Sum Word Counts For Each Story

Page-level information is great. But for tf-idf purposes, we really only care about the frequency of words for every story. Below we group by story and calculate the sum of word frequencies for all the pages in that story.

lost_df_flattened.groupby(['story', 'lowercase'])[['count']].sum().reset_index()
story lowercase count
0 01: The Girl Who Raised Pigeons ! 8
1 01: The Girl Who Raised Pigeons ' 4
2 01: The Girl Who Raised Pigeons '' 111
3 01: The Girl Who Raised Pigeons 'd 1
4 01: The Girl Who Raised Pigeons 'll 5
... ... ... ...
18082 14: Marie yet 1
18083 14: Marie you 39
18084 14: Marie you-know-who 1
18085 14: Marie young 8
18086 14: Marie your 8

18087 rows × 3 columns

Notice how the “page” column no longer exists in the DataFrame and our rows have slimmed down from more than 40,000 to 18,000.

word_frequency_df = lost_df_flattened.groupby(['story', 'lowercase'])[['count']].sum().reset_index()

Remove Infrequent Words, Stopwords, & Punctuation

We will conclude with some final pre-processing steps. We will remove the list of stopwords defined below.

Make list of stopwords

STOPS = ['i', 'me', 'my', 'myself', 'we', 'our', 'ours', 'ourselves', 'you', 'your', 'yours',
         'yourself', 'yourselves', 'he', 'him', 'his', 'himself', 'she', 'her', 'hers',
         'herself', 'it', 'its', 'itself', 'they', 'them', 'their', 'theirs', 'themselves',
         'what', 'which', 'who', 'whom', 'this', 'that', 'these', 'those', 'am', 'is', 'are',
         'was', 'were', 'be', 'been', 'being', 'have', 'has', 'had', 'having', 'do', 'does',
         'did', 'doing', 'a', 'an', 'the', 'and', 'but', 'if', 'or', 'because', 'as', 'until',
         'while', 'of', 'at', 'by', 'for', 'with', 'about', 'against', 'between', 'into',
         'through', 'during', 'before', 'after', 'above', 'below', 'to', 'from', 'up', 'down',
         'in', 'out', 'on', 'off', 'over', 'under', 'again', 'further', 'then', 'once', 'here',
         'there', 'when', 'where', 'why', 'how', 'all', 'any', 'both', 'each', 'few', 'more',
         'most', 'other', 'some', 'such', 'no', 'nor', 'not', 'only', 'own', 'same', 'so',
         'than', 'too', 'very', 's', 't', 'can', 'will', 'just', 'don', 'should', 'now', 've', 'll', 'amp', "!"]

Remove stopwords

word_frequency_df = word_frequency_df.drop(word_frequency_df[word_frequency_df['lowercase'].isin(STOPS)].index)

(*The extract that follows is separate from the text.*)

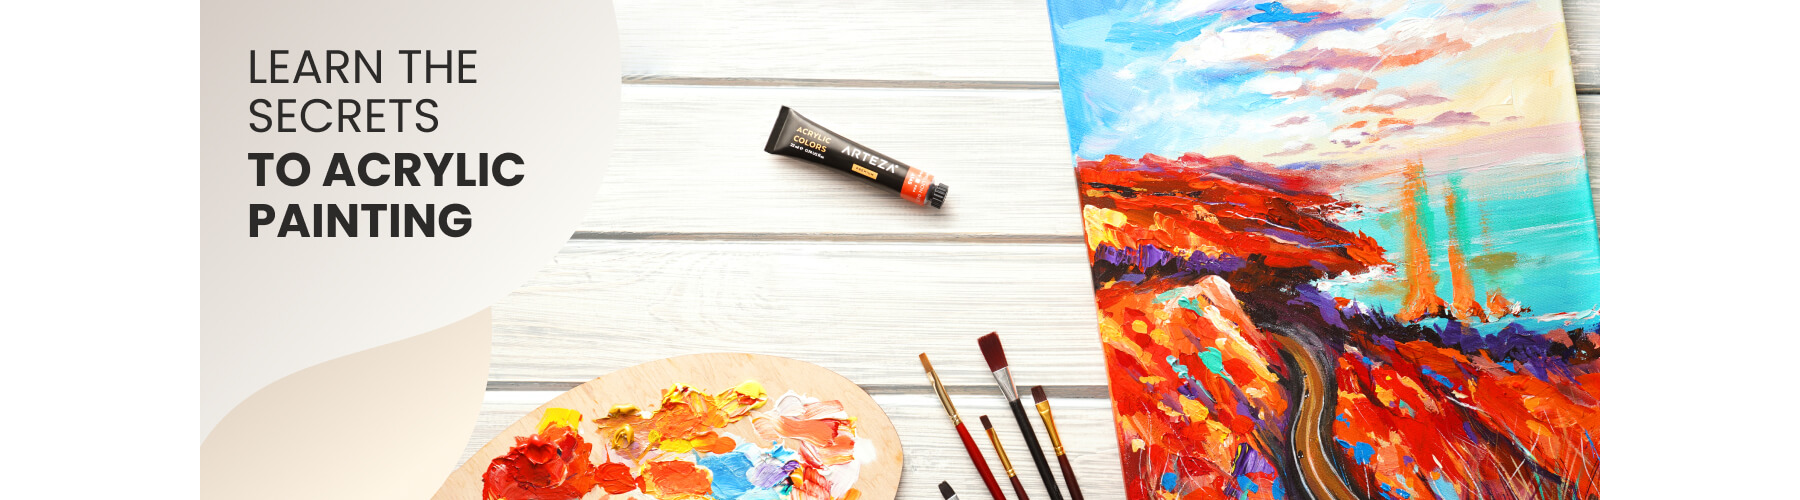 PAINTING ON WOOD - 5 Easy Art Design Ideas with Acrylic Paint

We will also remove punctuation by using a regular expression [^A-Za-z\s], which matches anything that’s not a letter and drops it from the DataFrame.

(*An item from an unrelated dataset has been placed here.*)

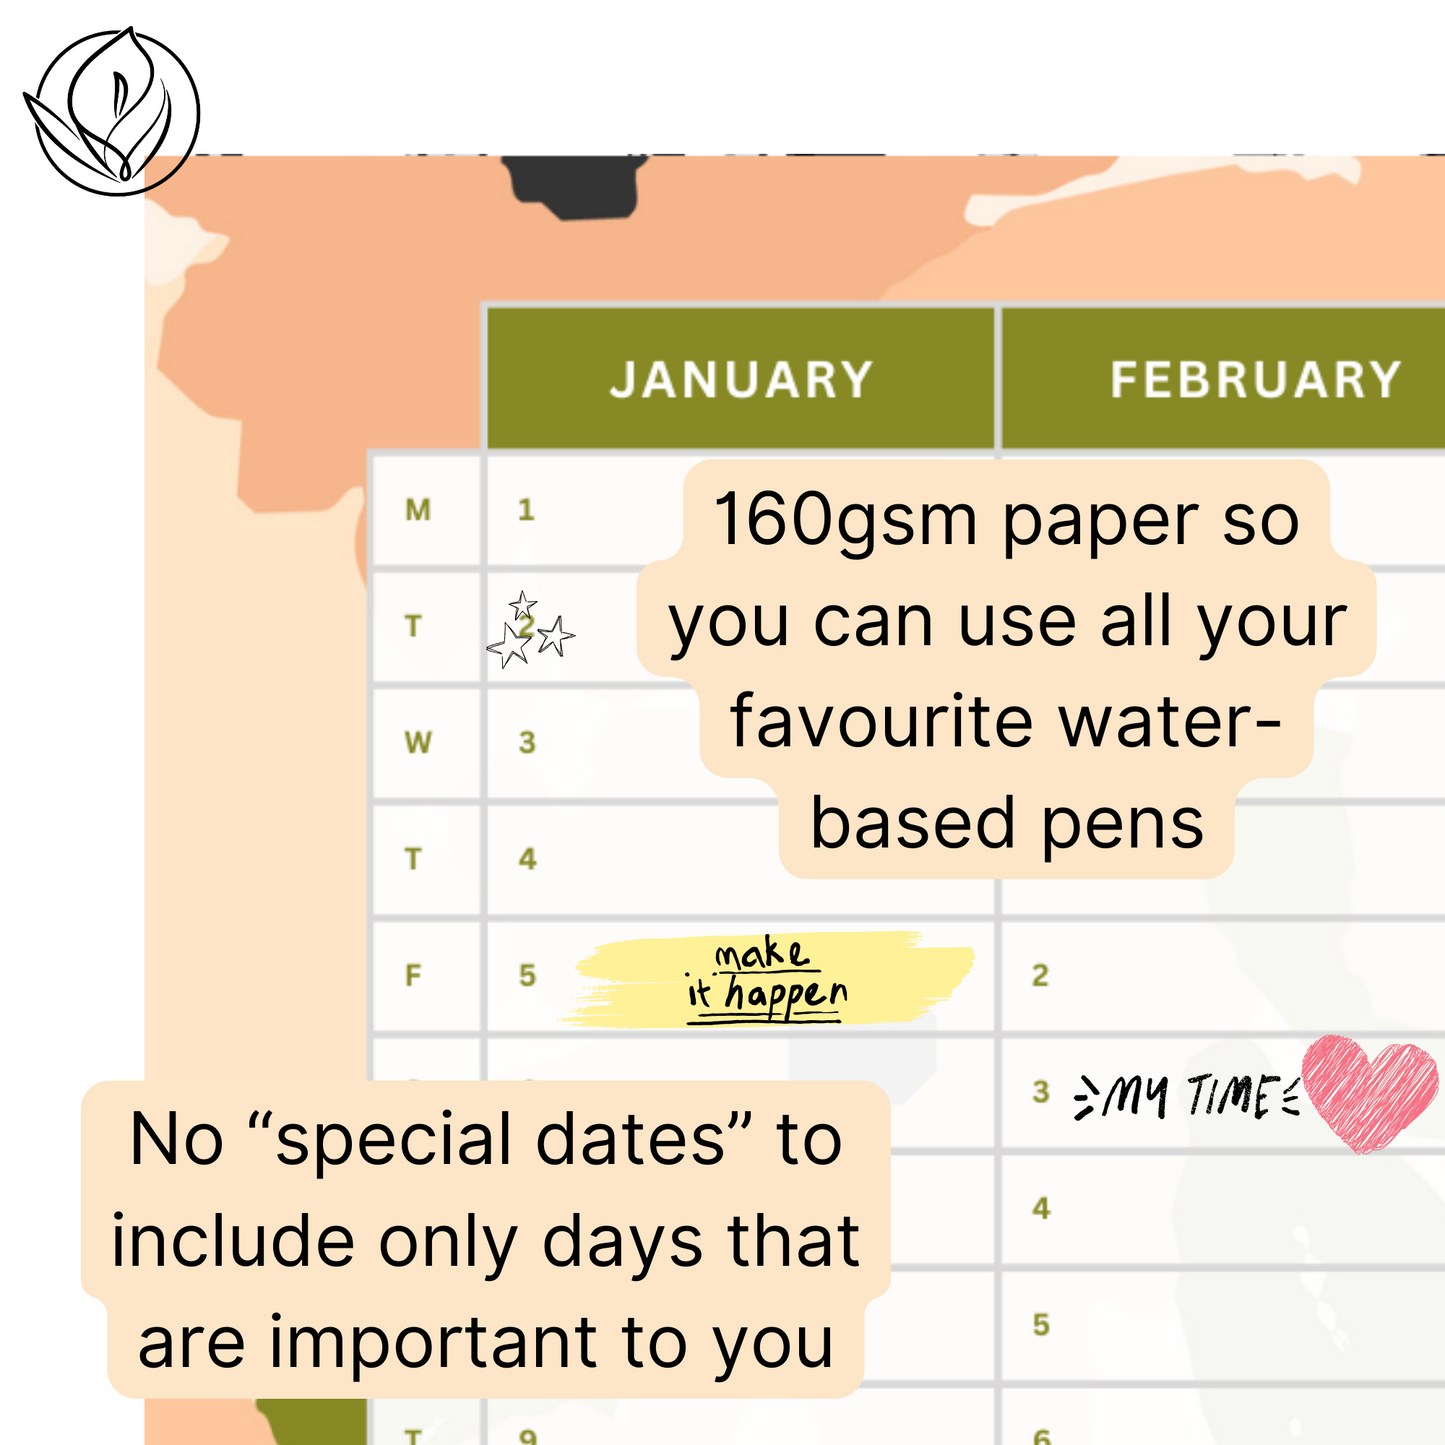 Just Peachy | 2024 Paper Wall Planner

word_frequency_df = word_frequency_df.drop(word_frequency_df[word_frequency_df['lowercase'].str.contains('[^A-Za-z\s]', regex=True)].index)
#Remove words that appear less than 5 times in a book
#word_frequency_df_test = word_frequency_df[word_frequency_df['count'] > 5]
word_frequency_df
story lowercase count
36 01: The Girl Who Raised Pigeons abandoned 2
37 01: The Girl Who Raised Pigeons able 2
40 01: The Girl Who Raised Pigeons absently 1
41 01: The Girl Who Raised Pigeons absolute 1
42 01: The Girl Who Raised Pigeons accepted 1
... ... ... ...
18079 14: Marie years 10
18080 14: Marie yes 2
18081 14: Marie yesterday 2
18082 14: Marie yet 1
18085 14: Marie young 8

15726 rows × 3 columns

TF-IDF

Term Frequency

We already have term frequencies for each document. Let’s rename the columns so that they’re consistent with the tf-idf vocabulary that we’ve been using.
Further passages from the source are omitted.